Judy Clarke, lawyer representing Robert Bowers, has history of preventing suspects from receiving death penalty

Bowers' lawyer has history of preventing suspects from receiving death penalty

PITTSBURGH (KDKA) — Jury selection is set to begin this month in the trial of Robert Bowers.

For four years, the families of the victims of the Tree of Life shooting have waited for justice, though they are divided on whether the gunman should face the death penalty. 

Bowers' lawyer, Judy Clarke, does not talk to reporters, but it's clear she has one singular drive: to prevent high-profile murder suspects from receiving the death penalty. She has obtained plea bargains for Ted Kaczynski, the Unabomber, Eric Rudolph, Atlanta Olympics Bomber, and Tucson mass shooter Jared Lee Loughner. 
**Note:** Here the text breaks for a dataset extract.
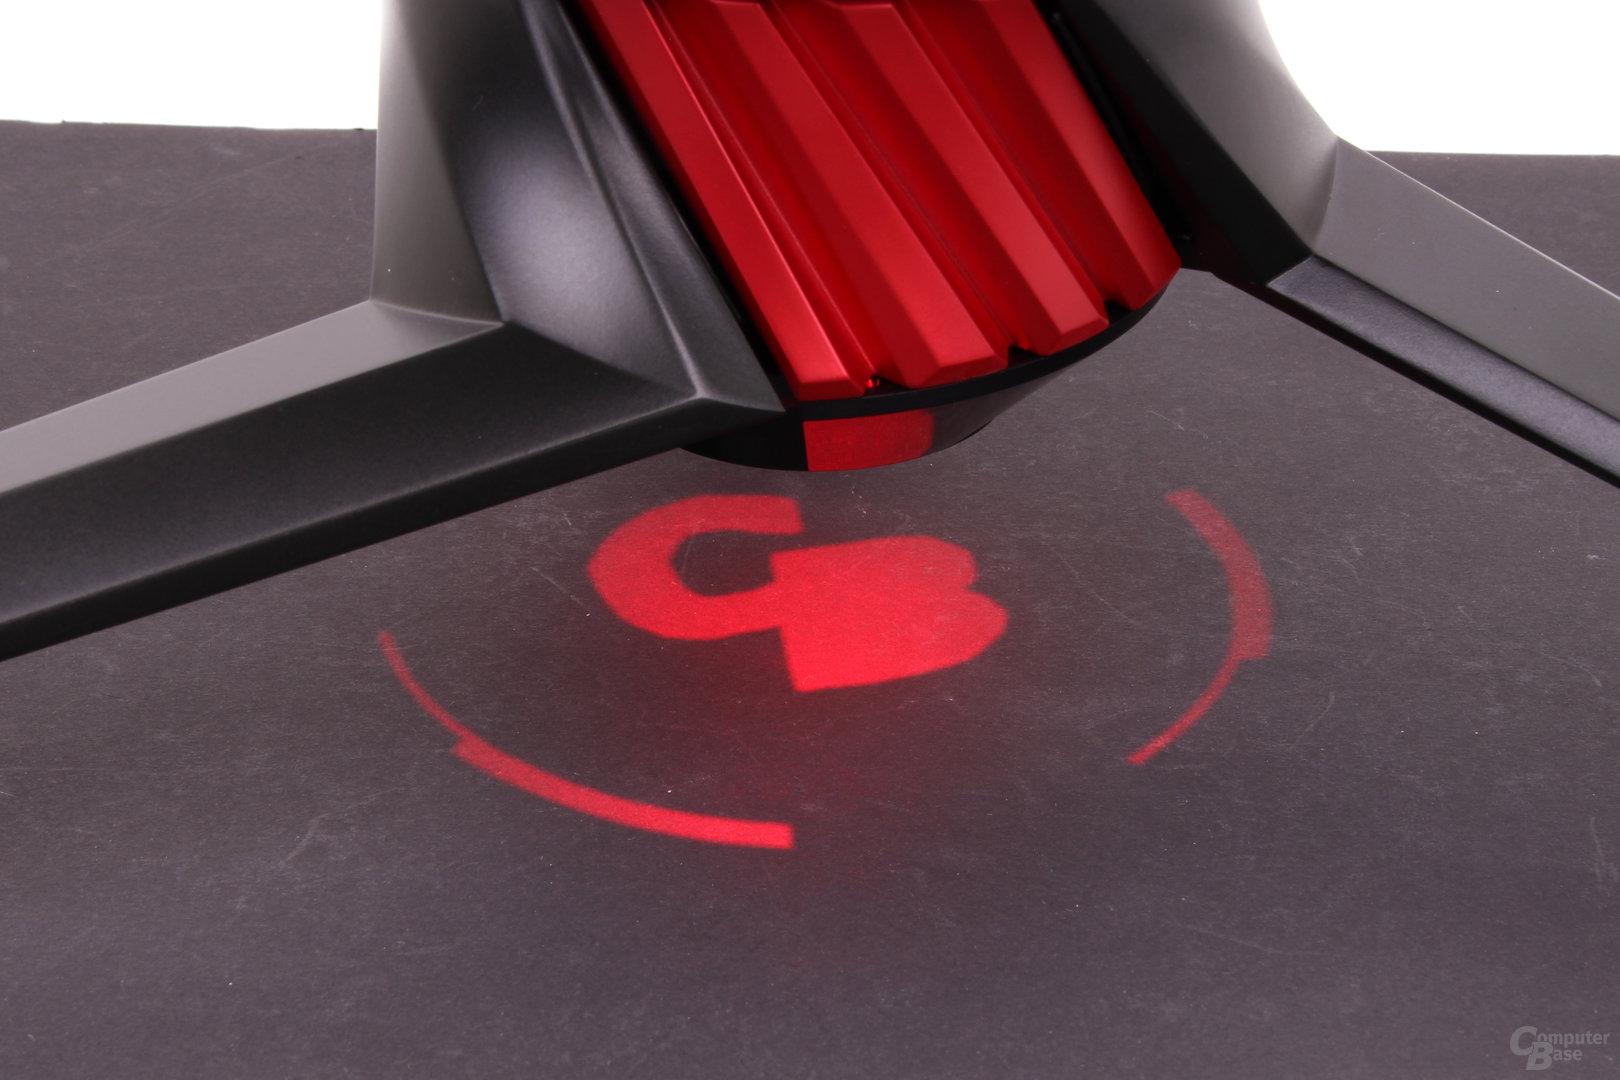 Asus ROG Strix XG35VQ – LED-Beleuchtung

She convinced a jury not to impose the death penalty on Susan Smith, the woman who drowned her two children in a lake in South Carolina in 1994. Now, she'll try to do the same in Pittsburgh for Bowers.

"This is not a case in which there will be any contest about what happened, but the question is what should happen to the defendant," St. Vincent College law professor Bruce Antkowiak said.

Even though there's little question of the synagogue gunman's guilt, Antkowiak says over the next few months, federal prosecutors will present in horrific and excruciating detail the cold-blooded killing of 11 innocent worshippers, building a case that the gunman should pay the ultimate price for pre-meditated murder on a mass scale.

"The notion that this was a very well-calculated effort," Antkowiak said. "This was not a spur-of-the-moment matter by the defendant. This was planned, this was carried out."

But as is her practice, Clarke will mostly allow that testimony and evidence without objection. According to Antkowiak, it's only in the penalty phase of the trial that she will ask the jury to spare the gunman's life by trying to humanize him.

"We are not here to tell you that the act was not inhumane and that the defendant's conduct was not inhumane," Antkowiak said. "But we are going to show you that this defendant is a human being and we're going to try to humanize them as much as possible."

But in her last high-profile trial, Clarke's strategy failed. A jury convicted Dzhokhar Tsarnaev of the 2013 Boston Marathon bombing and voted for the death penalty despite Clarke's defense that he was only a troubled teenager who was under the spell of his older brother who planned the assault. 

Humanizing Bowers would appear to be an even more daunting task.

Over the past four years, the government has accused Clarke of needlessly delaying the trial with a constant flurry of motions and evidentiary requests. Some believe she's taken that time to meet with the gunman in the Butler County Prison to delve into his background. And a recent court filing gives a clue as to what that defense will look like. It maintains that the gunman "suffers from schizophrenia, epilepsy, and structural and functional impairments of his brain."

This week, Clarke asked the court and the Justice Department to void the death penalty. But even though Governor Josh Shapiro has extended a moratorium on executions in the state, this does not apply to federal cases.